Se trata entonces, más bien, de lecturas y de sus manifestaciones por de pronto entre dos ideas de sociedad, y, no menor, entre literatura culta y literatura popular, dos expresiones equívocas o dos recipientes en los que se instaló al Martín Fierro: hoy no sabemos muy bien qué hacer con lo que puebla ambos campos. Leopoldo Lugones, por ejemplo, en la primera, se convierte en un clásico para hablar del poema en su barroco El Payador, reverenciado en su momento por el Presidente de la Nación, que no sabe si debe admirar al poeta “laureado” o al personaje reivindicado, y por lo más granado de la oligarquía argentina, intento que debe ser leído tanto en la evolución política y verbal del poeta que fue modernista como en determinada propuesta de lo que debe ser la literatura nacional.
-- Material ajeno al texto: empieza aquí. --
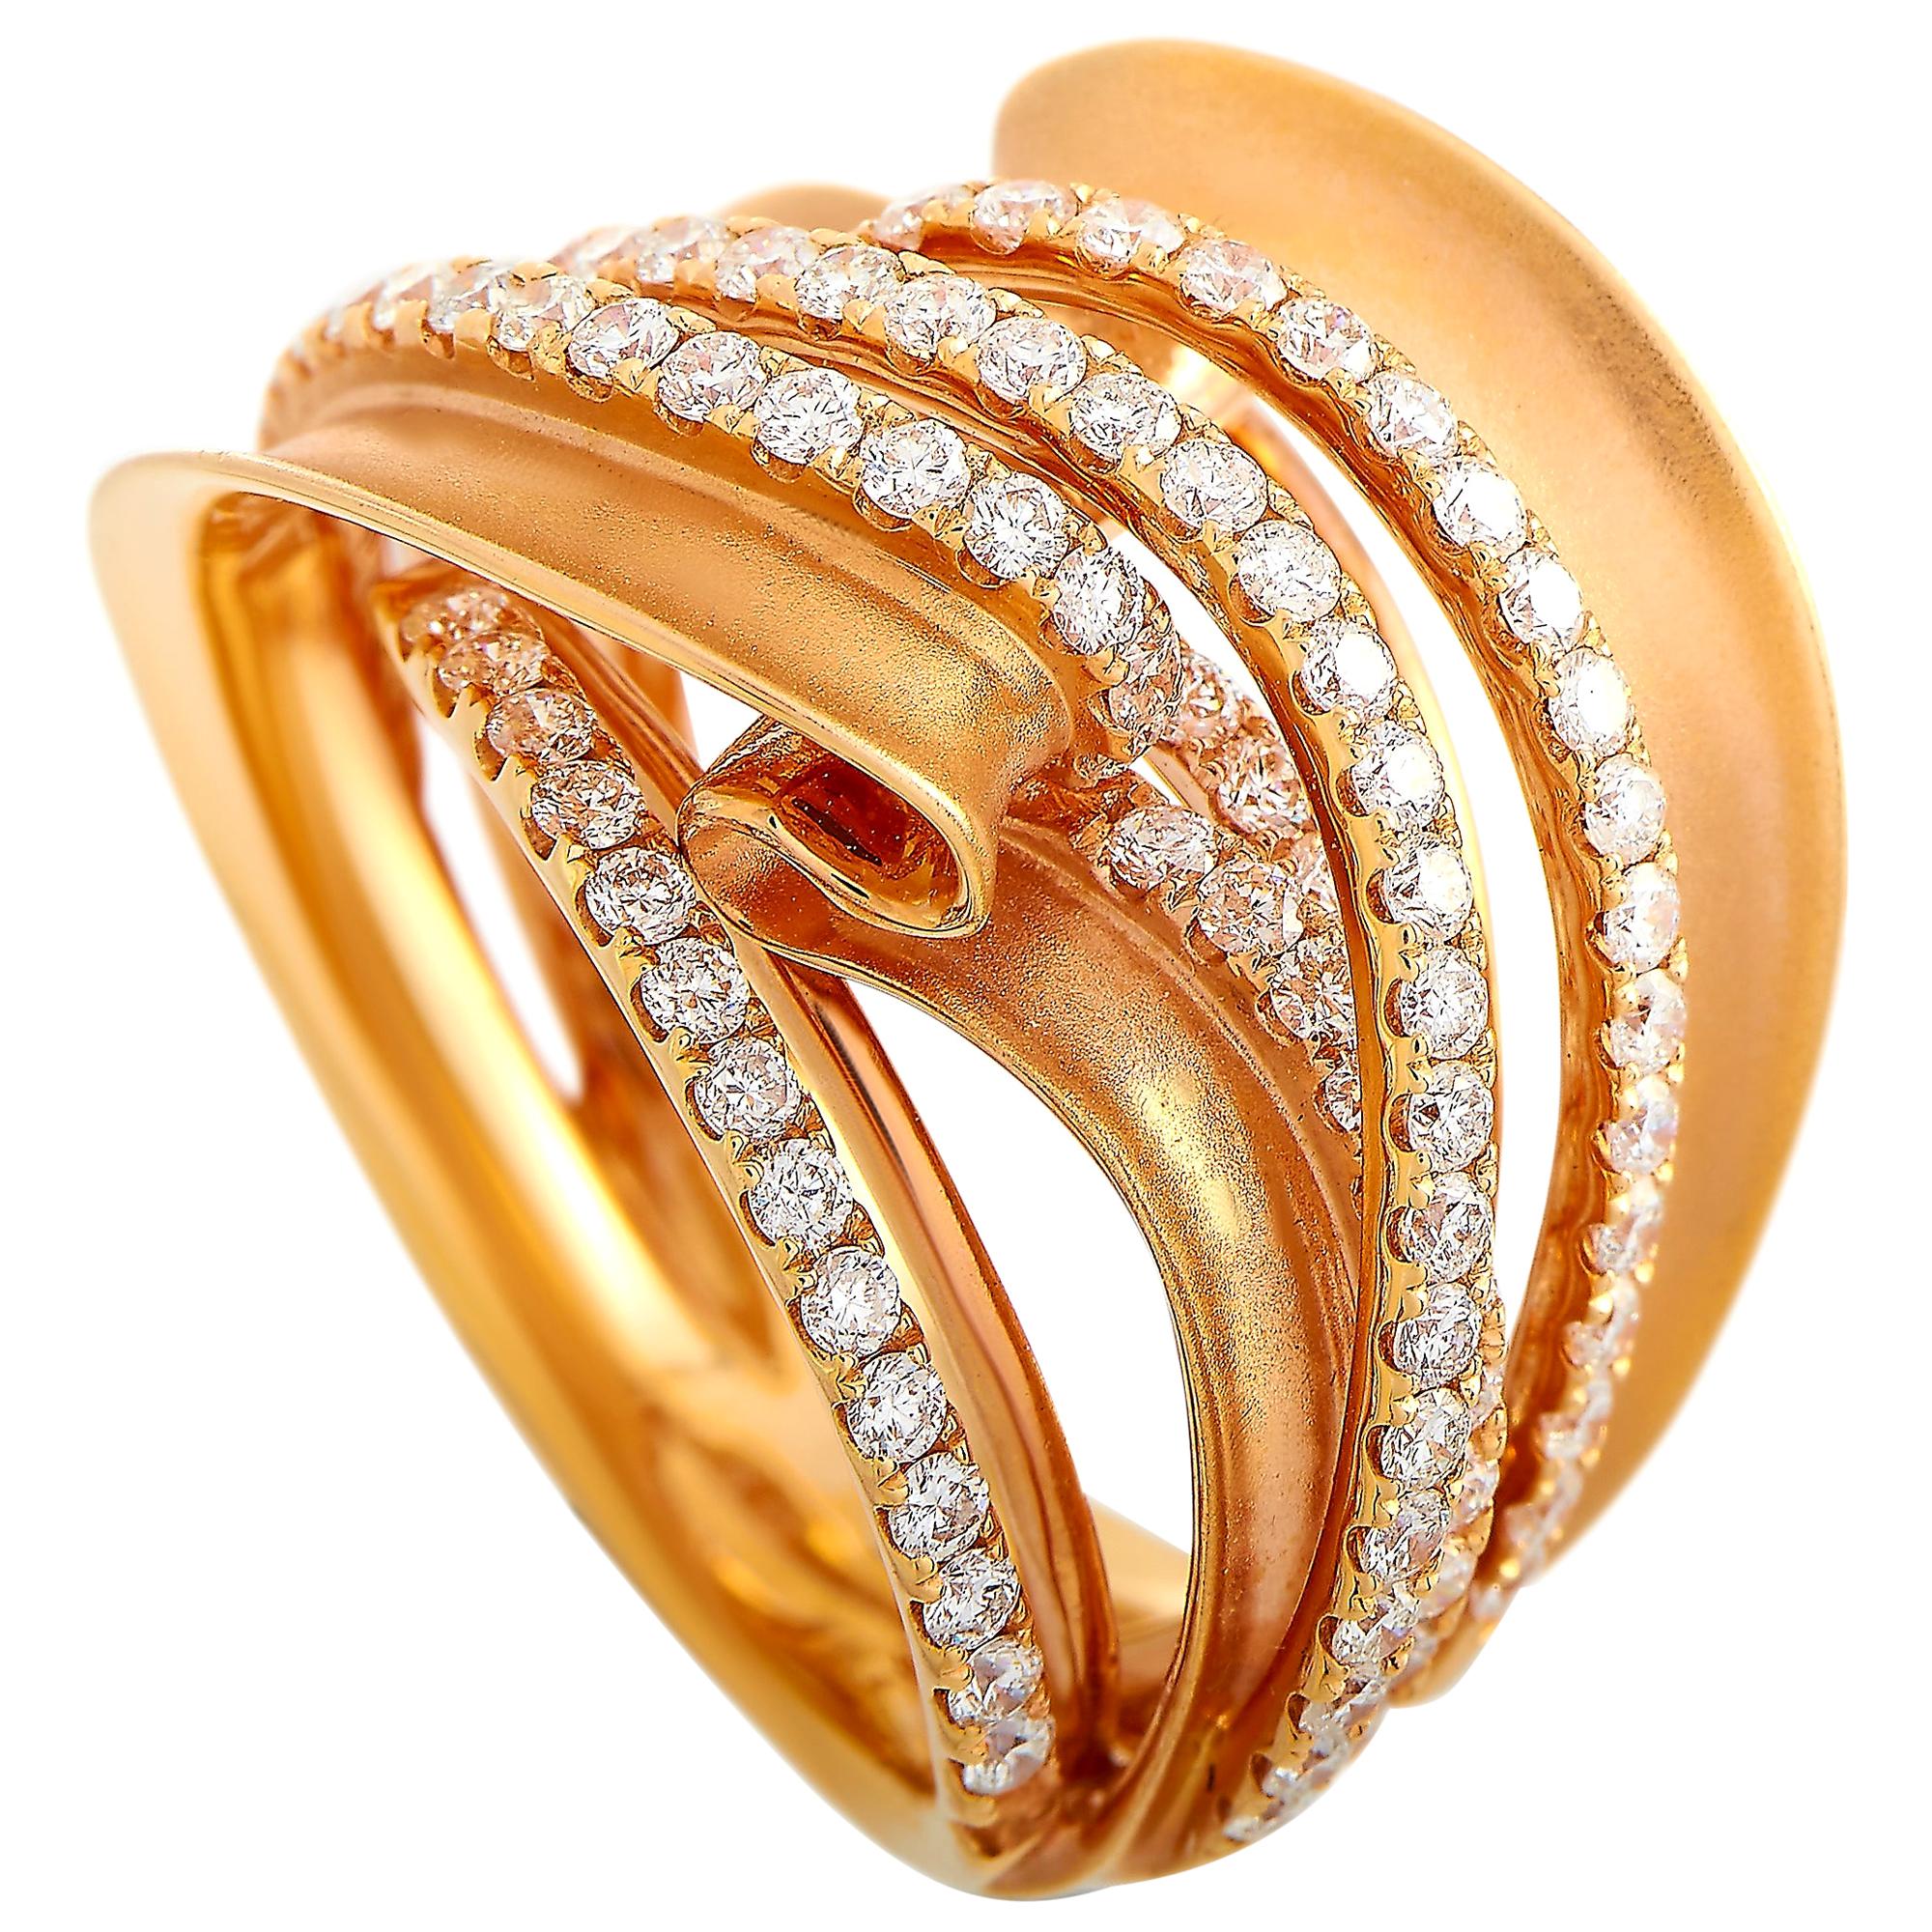 LB Exclusive 18 Karat Rose Gold 1.65 Carat Diamond Ring
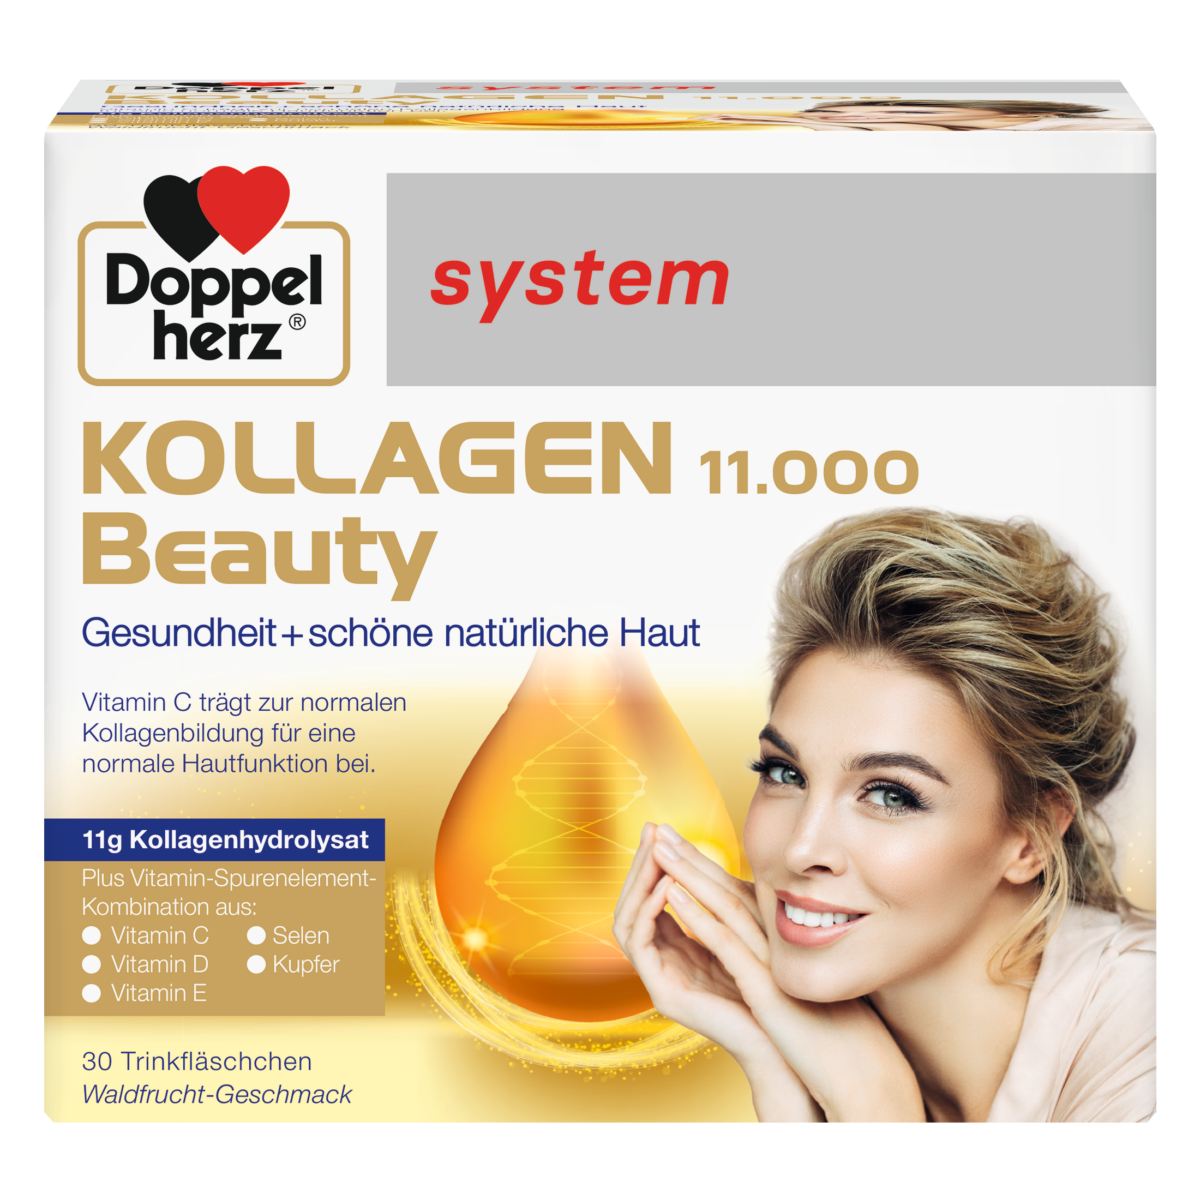 Doppelherz system Kollagen 11000 Beauty 30 ampula

Ricardo Rojas lo ha canonizado y hay que esperar a Ezequiel Martínez Estrada para rescatarlo como fenómeno específico, cargado de significaciones. Sobre todo lo cual escribió Pablo Martínez Gramuglia en un original estudio sobre las lecturas deque fue objeto el poema, muchas y relevantes.

En el otro campo es más complicado decirlo si se considera, como gran parte de la crítica lo ha sostenido, que al mismo tiempo que es la culminación de la gauchesca es su partida de defunción. Y quizás la del gaucho mismo, tal como en La vuelta pareció admitirlo el poeta, no por la vía del exterminio, tal como ocurrió efectivamente con el indio, sino por la de la adaptación. El réquiem no está en el poema sino en las prolongaciones narrativas, tipo Juan Moreira u Hormiga Negra, que lindan con el grotesco o bien con Don Segundo Sombra, espejo de fieles mayordomos, del buen patrón (de estancia) por supuesto.

 

El Fierro que regresa de las tolderías en La vuelta viene cambiado, amansado se diría, y su creador empieza a ser reconocido y aceptado e integrado, da consejos, ya no mata a nadie, ya no se rebela. Se lo ha juzgado por eso sin llegar a condenarlo, la poesía le continúa, “como agua de manantial” escribió años antes y le estamos agradecidos porque conserva la gracia pese a que su intento de dar cuerpo e identidad a la literatura nacional no haya podido resistir los embates del castellano regular, el que usó en las contiendas legislativas. Lo perdonamos y siempre lo hemos perdonado porque continuó en la gracia y la sabiduría, porque nos sigue nutriendo y, extrañamente, su lengua, que parece muy extraña en estos tiempos de jergas extravagantes, nos “dice”, nos habla de nosotros mismos y de lo que podemos ser. Buena salud en estos ciento cincuenta años, que sus campanas no sean de palo que el decadente gaucho se empeñaba en tañer. Y que no escuche los cantos de sirena de los academicismos y la antipoesía que todo lo reduce a la celebración solemne y vacua e intenta enclaustrarlo en las redes de la insignificancia.